======== Recorded data ========

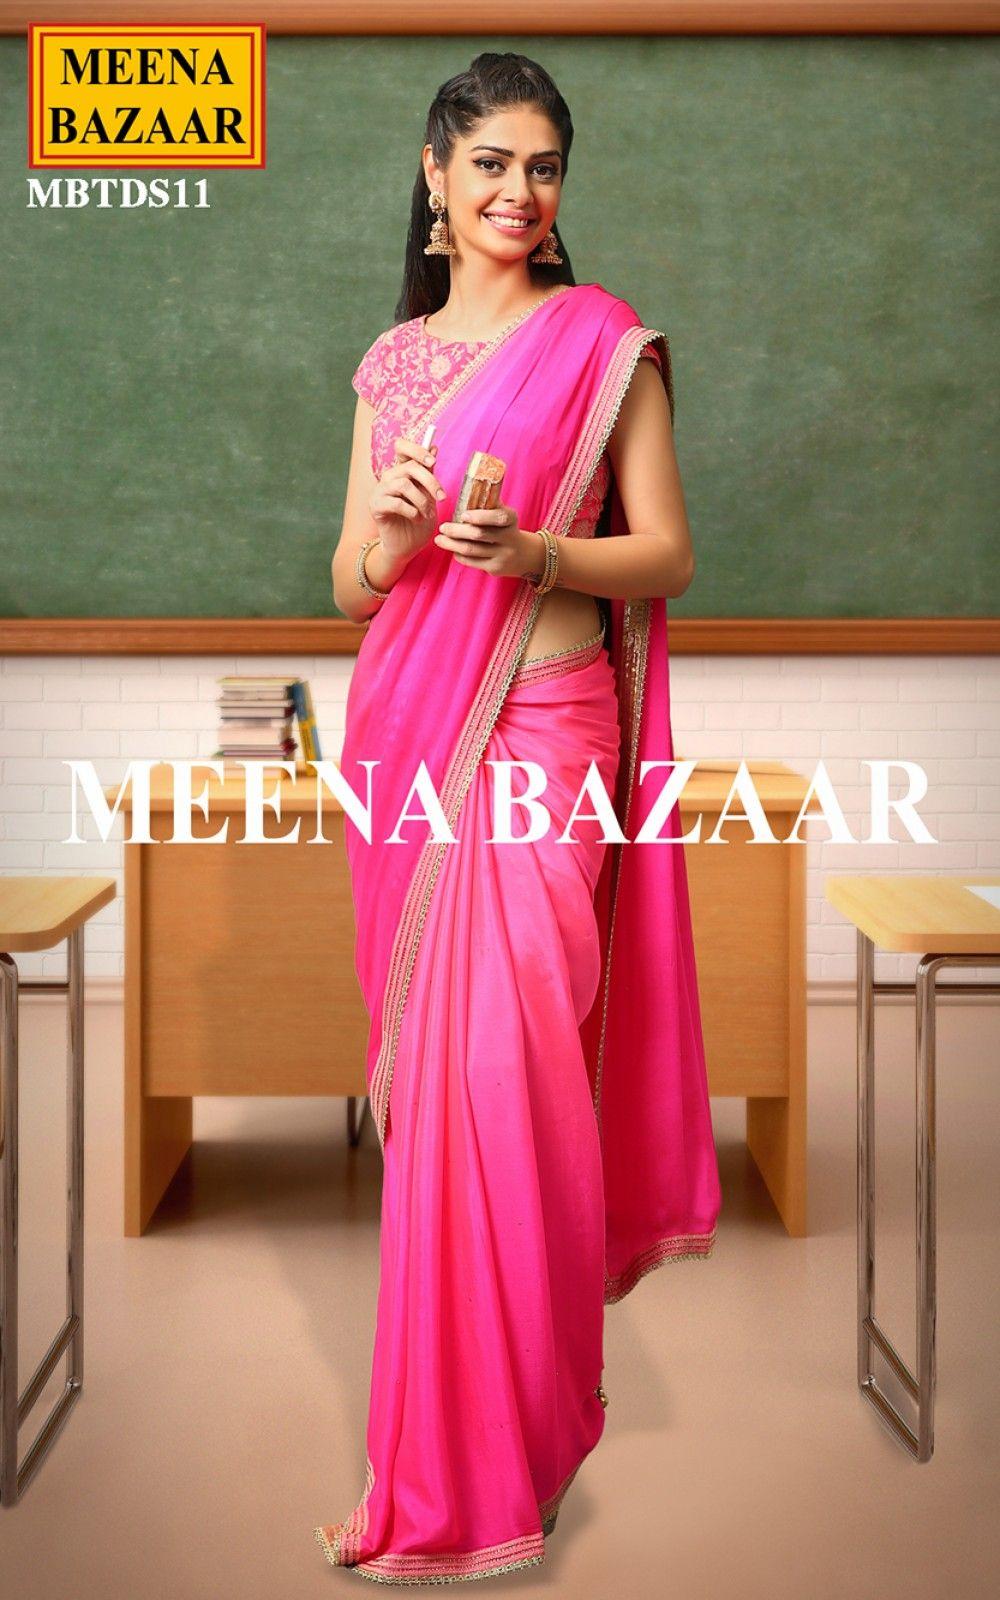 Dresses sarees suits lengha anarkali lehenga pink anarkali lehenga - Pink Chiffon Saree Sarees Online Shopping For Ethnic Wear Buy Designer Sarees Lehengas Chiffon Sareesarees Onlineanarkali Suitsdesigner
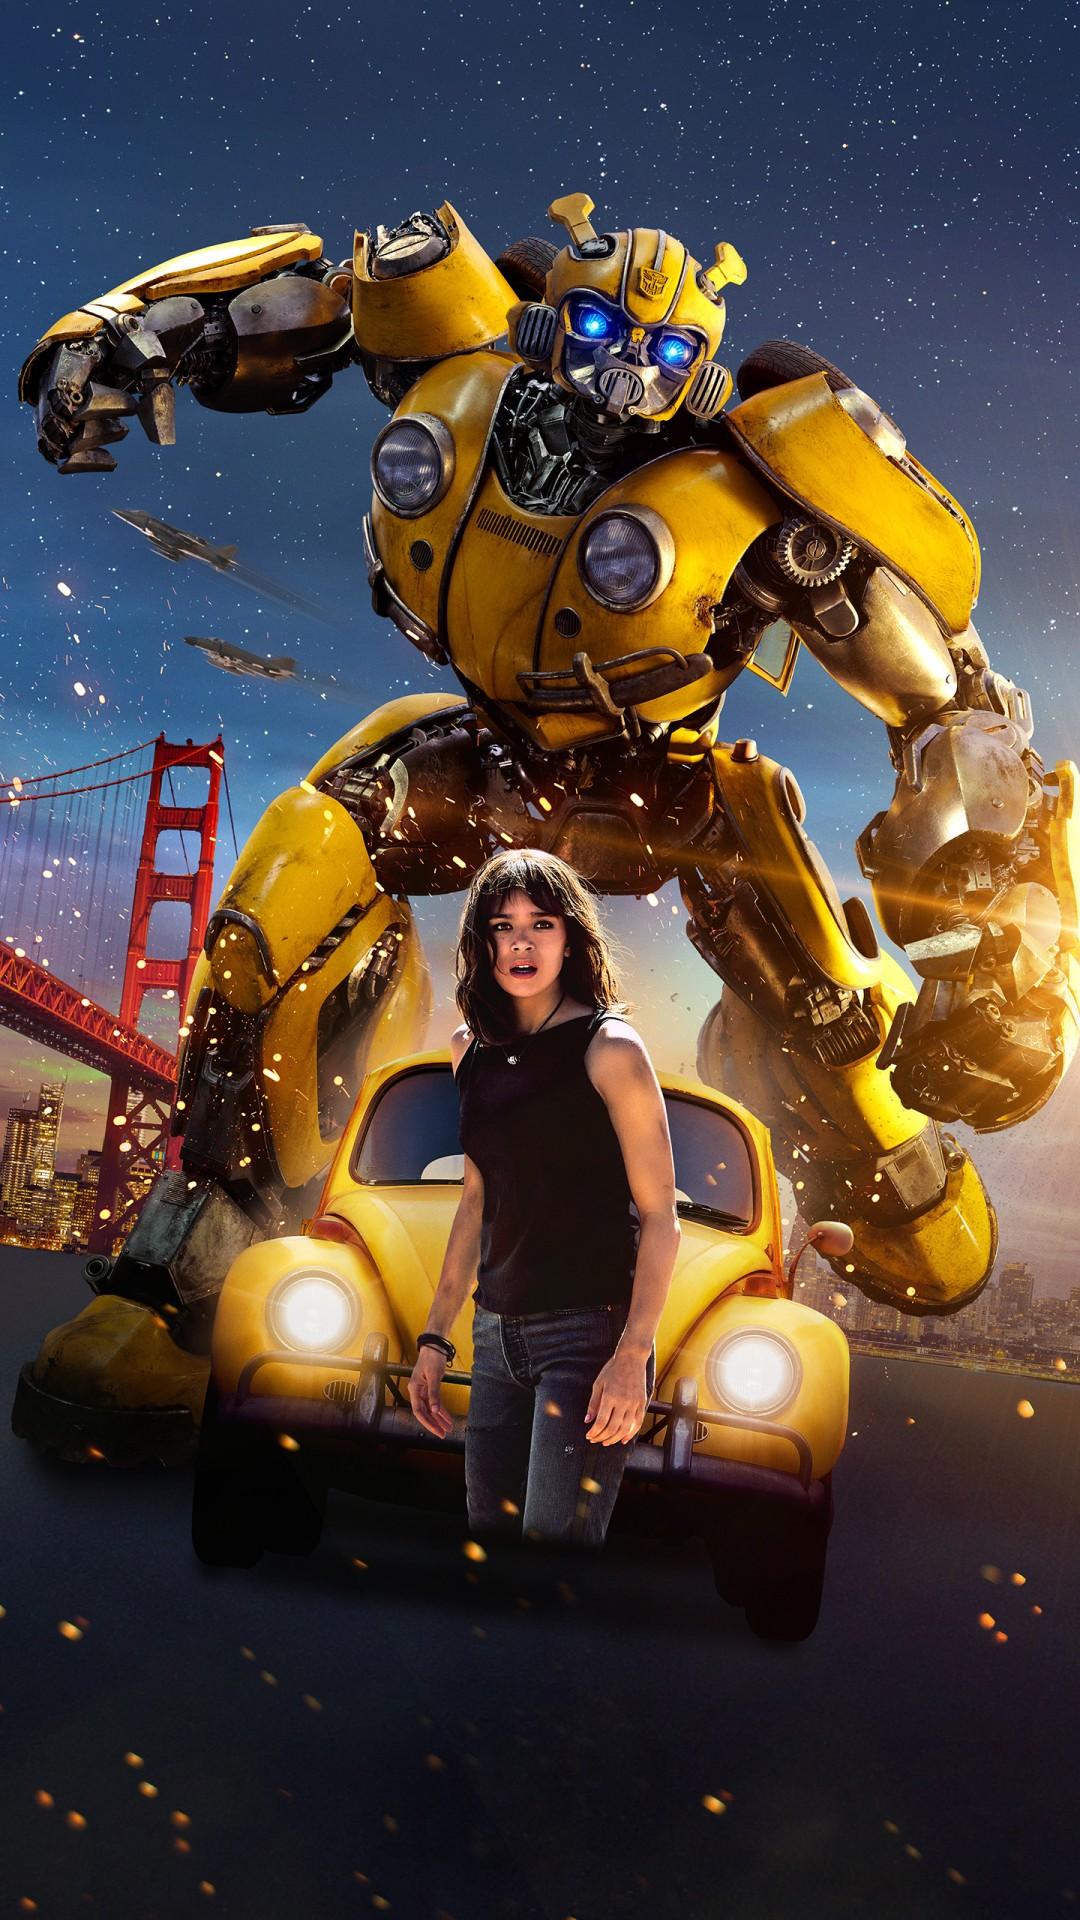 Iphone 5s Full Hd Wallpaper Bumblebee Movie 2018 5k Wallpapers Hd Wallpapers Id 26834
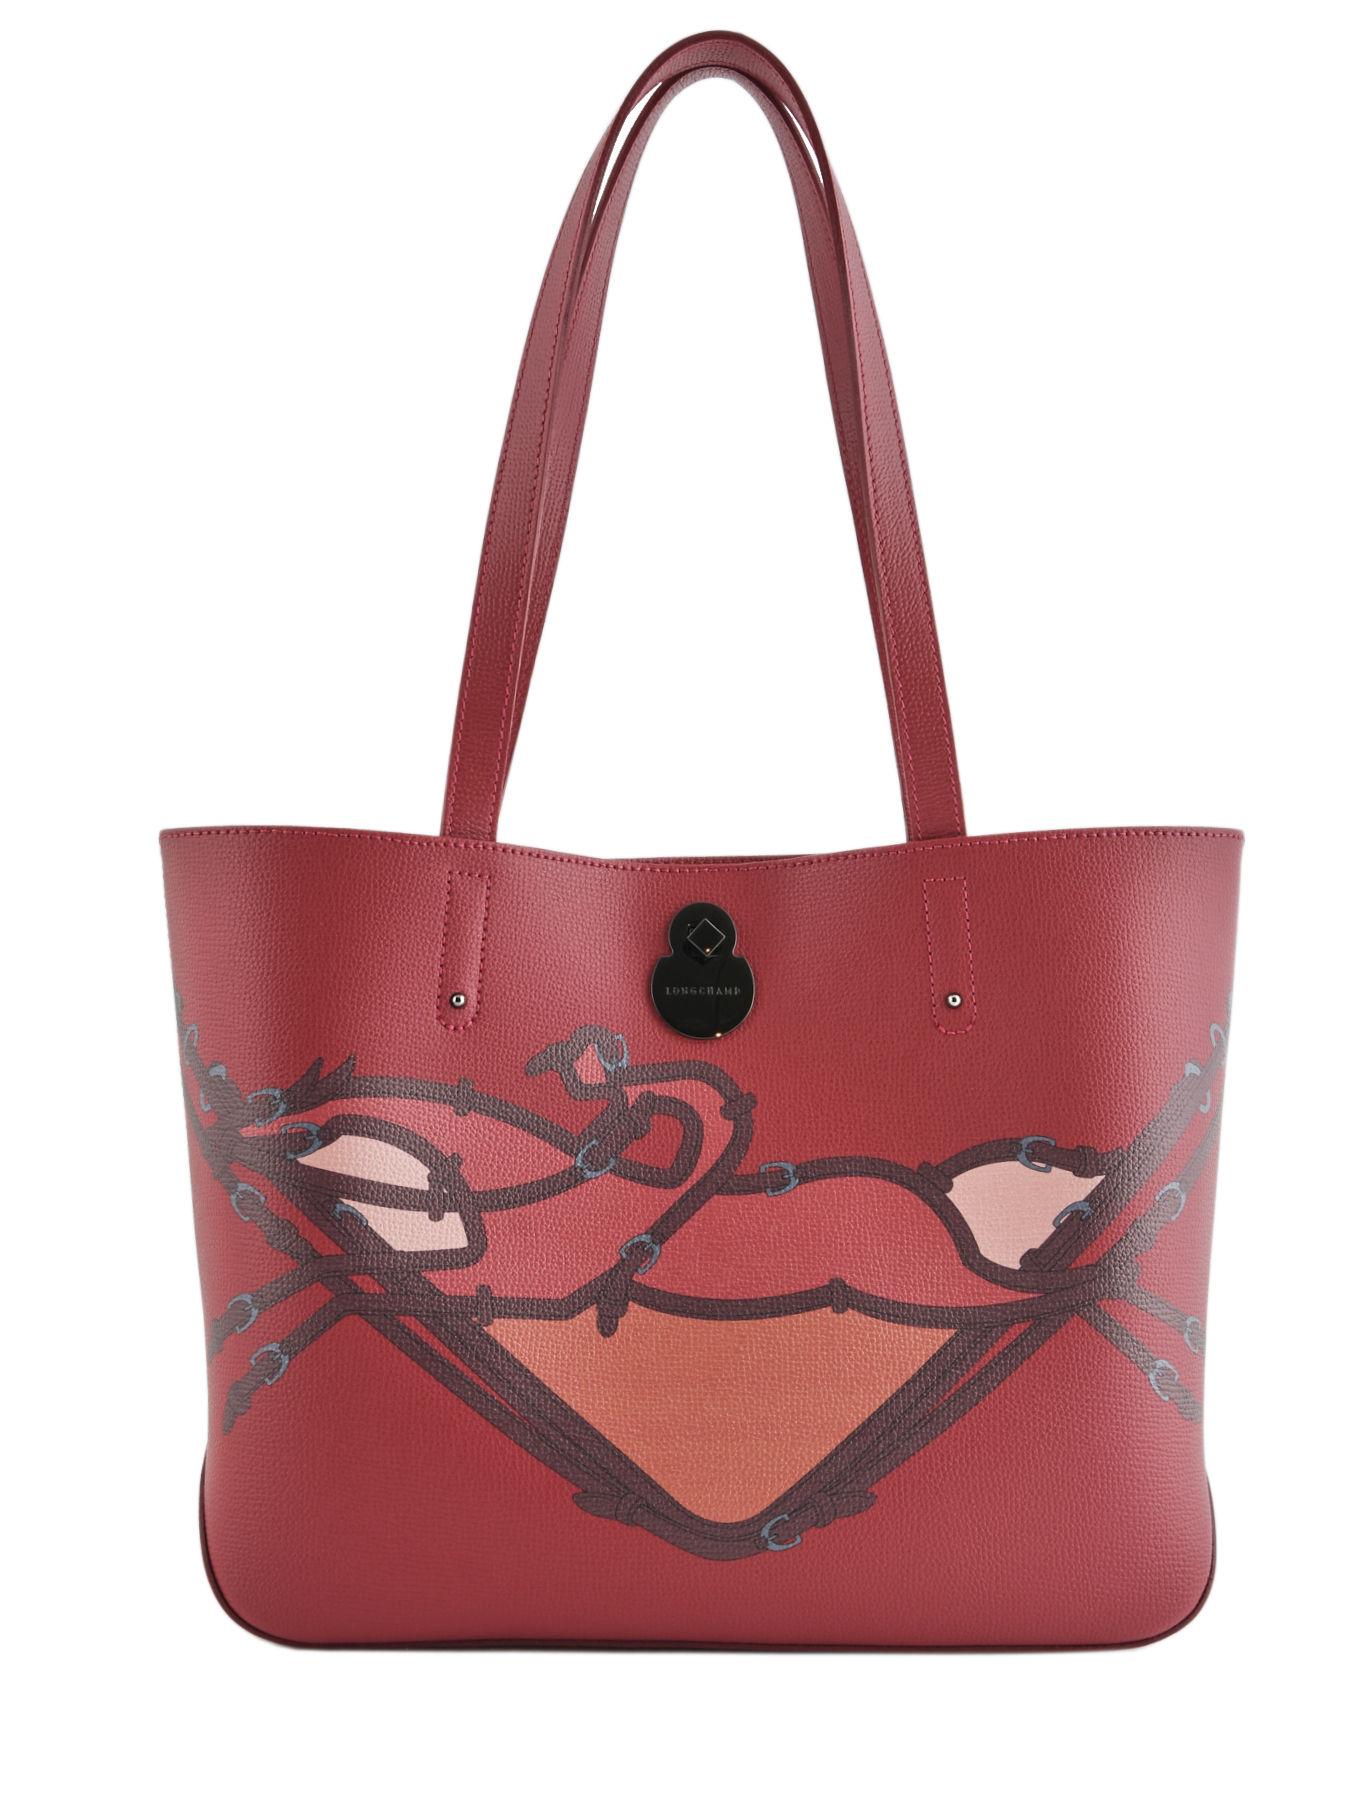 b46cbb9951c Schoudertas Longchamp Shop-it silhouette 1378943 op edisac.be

========

** Task requirements **
Without any of the pictures, reproduce the listing above exactly.

** Solved exercise **
 Dresses sarees suits lengha anarkali lehenga pink anarkali lehenga - Pink Chiffon Saree Sarees Online Shopping For Ethnic Wear Buy Designer Sarees Lehengas Chiffon Sareesarees Onlineanarkali Suitsdesigner
 Iphone 5s Full Hd Wallpaper Bumblebee Movie 2018 5k Wallpapers Hd Wallpapers Id 26834
 b46cbb9951c Schoudertas Longchamp Shop-it silhouette 1378943 op edisac.be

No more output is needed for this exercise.